Ни о каких разговорах при такой бешеной ходьбе не может быть и речи.
Минут двадцать ходу — и мы на Охтинском мосту. Потом на правом берегу.
Немного по берегу и, оглянувшись по сторонам, ныряем вниз, к Неве. По старым, проломившимся деревянным ступеням, где мы знаем каждую щель, каждый пролом.
Днем здесь бывает много народу, поздно вечером — никого, и поэтому мы уже года два считаем это место своим.
У старого, гнилого сарайчика давно уже валяется разбитый, расщепленный обрубок бревна. Мы садимся на него и закуриваем.
Напротив горят синие окна комбината имени Кирова, их светящиеся отражения ломаются в воде. Стена сарая защищает нас от ветра.
Зачем нам это место? Почему мы так прилепились к нему и делаем в день несколько лишних километров, лишь бы покурить именно здесь? Не знаю.
Здесь пахнет той самой беспокойной травой, что обычно растет между железнодорожных рельсов на далеких станциях.
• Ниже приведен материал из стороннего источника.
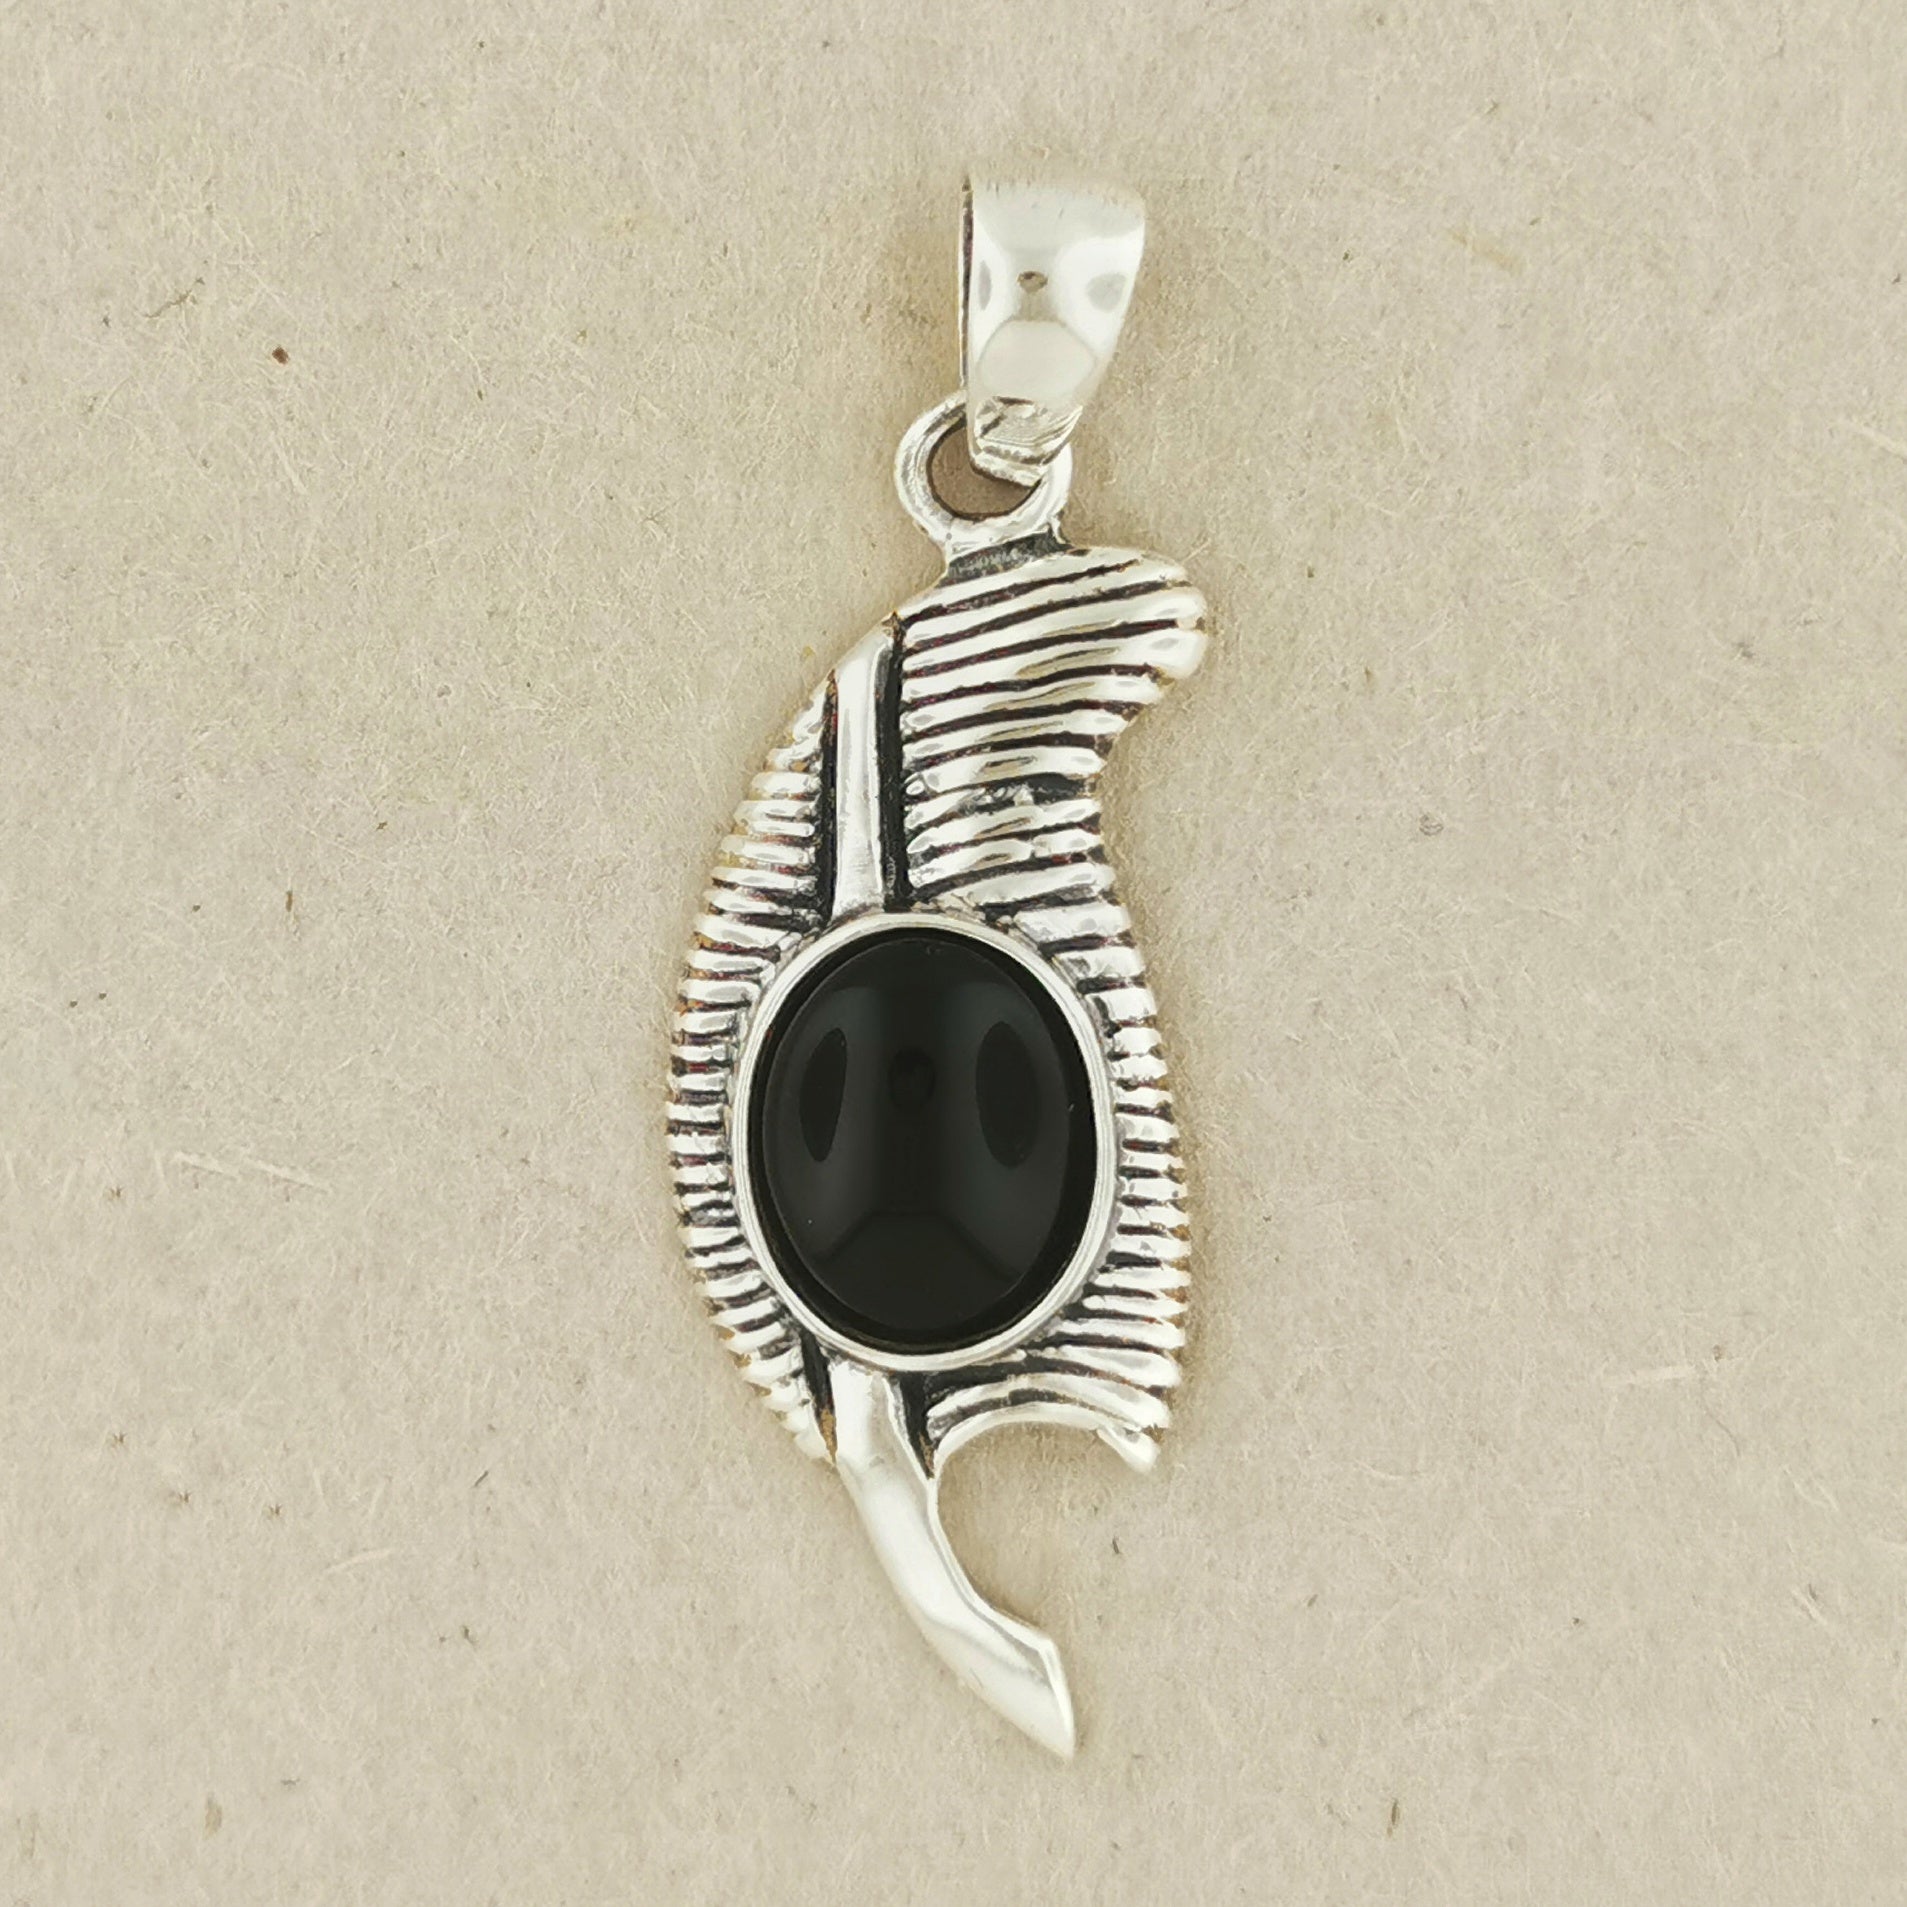 Feather of Ma'at Pendant in Sterling Silver with Onyx, Egyptian Feather Pendant, Egyptian Goddess Pendant, Goddess of Truth Pendant, Silver Egyptian Feather Pendant, Silver Ma’at Pendant, Egyptian Silver Pendant, Silver Gemstone Egyptian Feather Pendant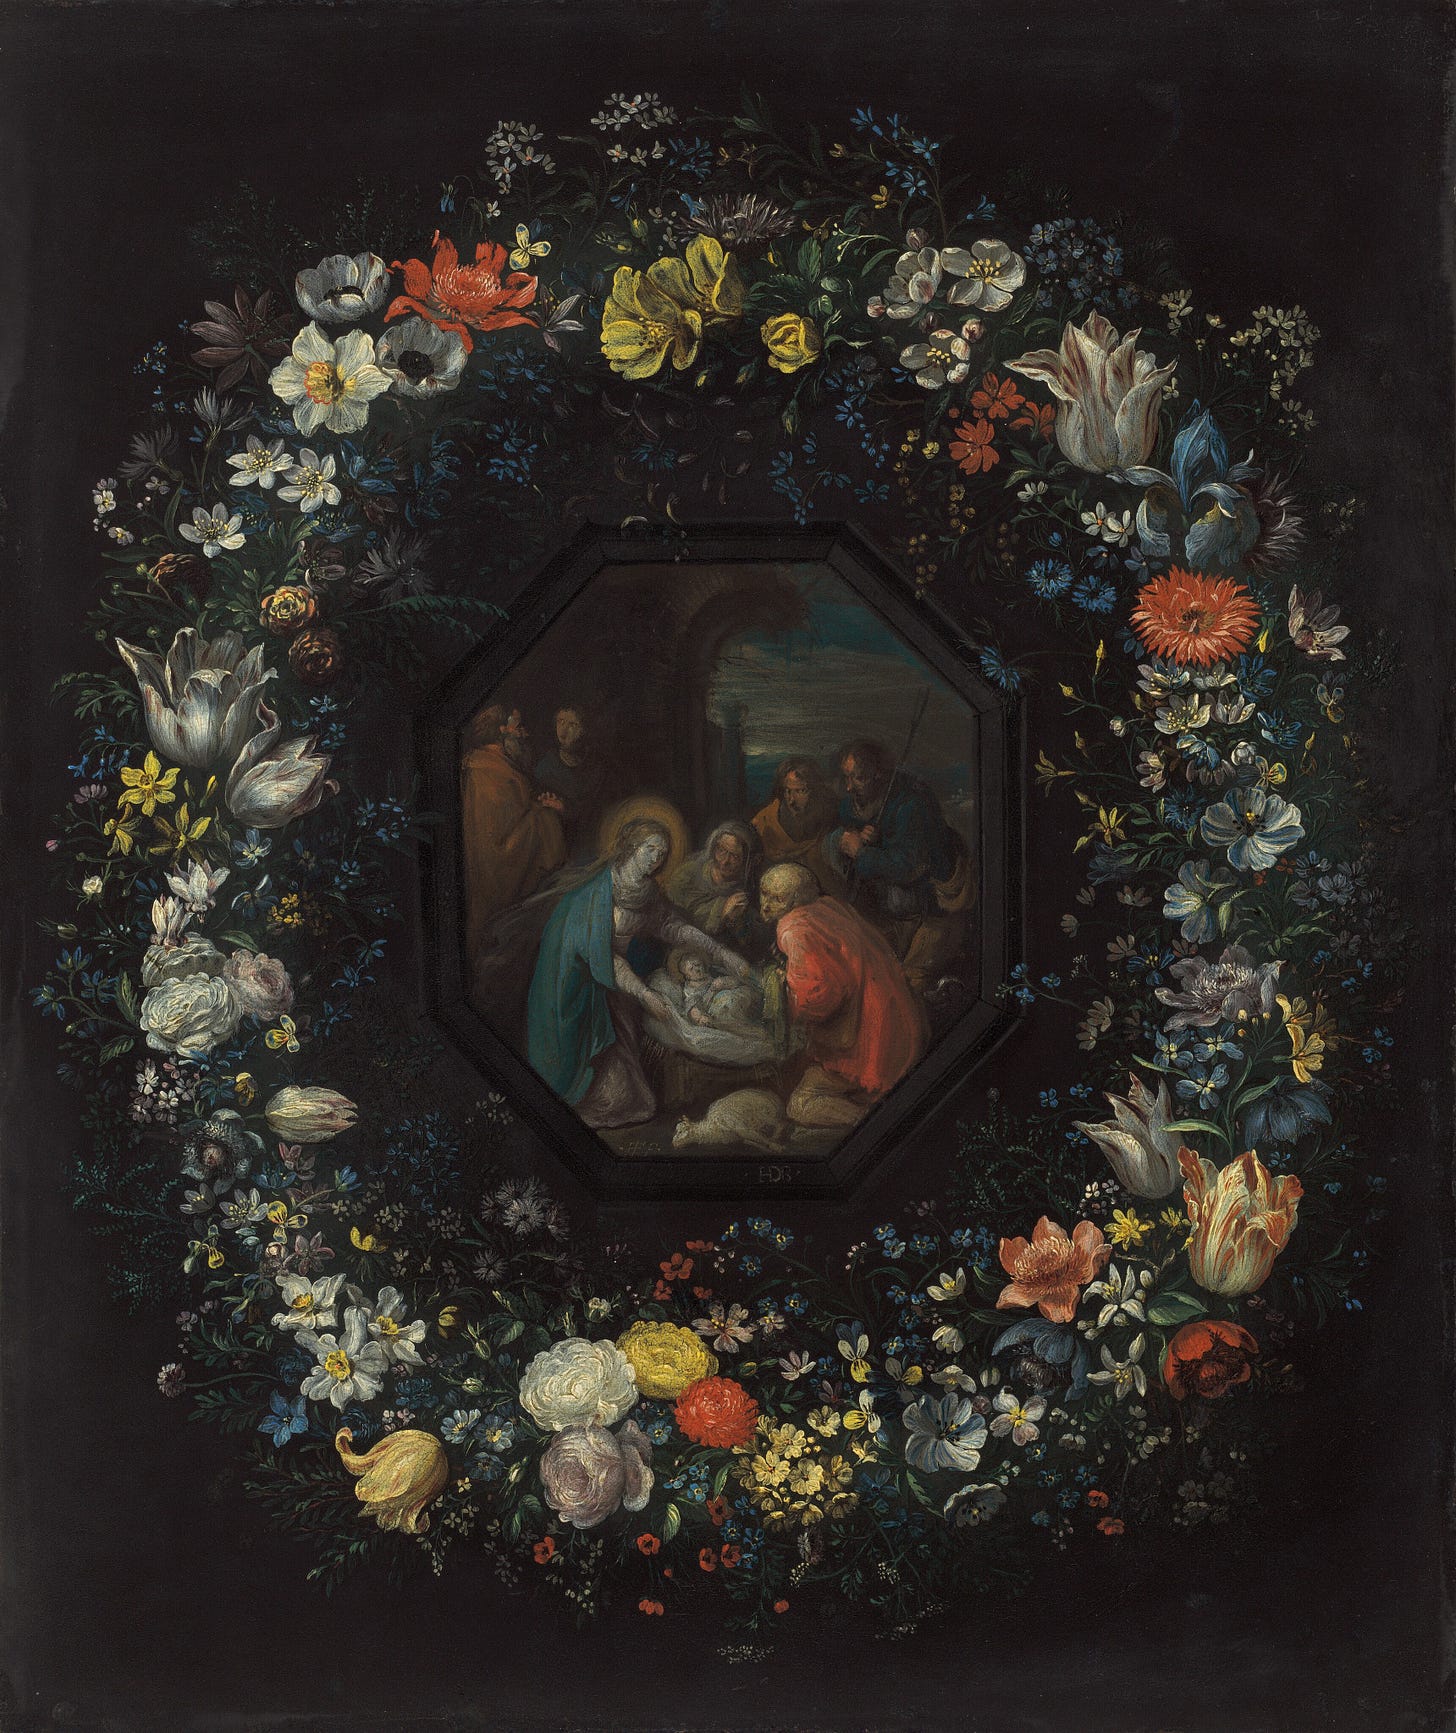 Garland of Flowers with Adoration of the Shepherds, c. 1625/1630 by Frans Francken the Younger and Master HDB

А может, и не травой это пахнет, а жирной гарью, летящей с паровозов? Мазутом? Знаю только, что этот запах обычно сопутствует путешествиям, и от одного запаха у меня какое–то волнение.
Это я придумала, чтоб в городе было «наше место».
О чем мы с Алькой там только не говорили, чего не выдумывали!
Охтинский мост, такой огромный и гудящий, будто по нему проходят сильные токи, тянул нас к себе, наверное, еще потому, что нам нравилось владеть им. Это был наш мост.
И потом… Он так похож на железнодорожный!
А этот травянистый скат к Неве!
Сколько нужно воображения, чтобы поверить, что в огромном городе есть никому не известное, неисследованное место, глухое и таинственное, существующее только для нас.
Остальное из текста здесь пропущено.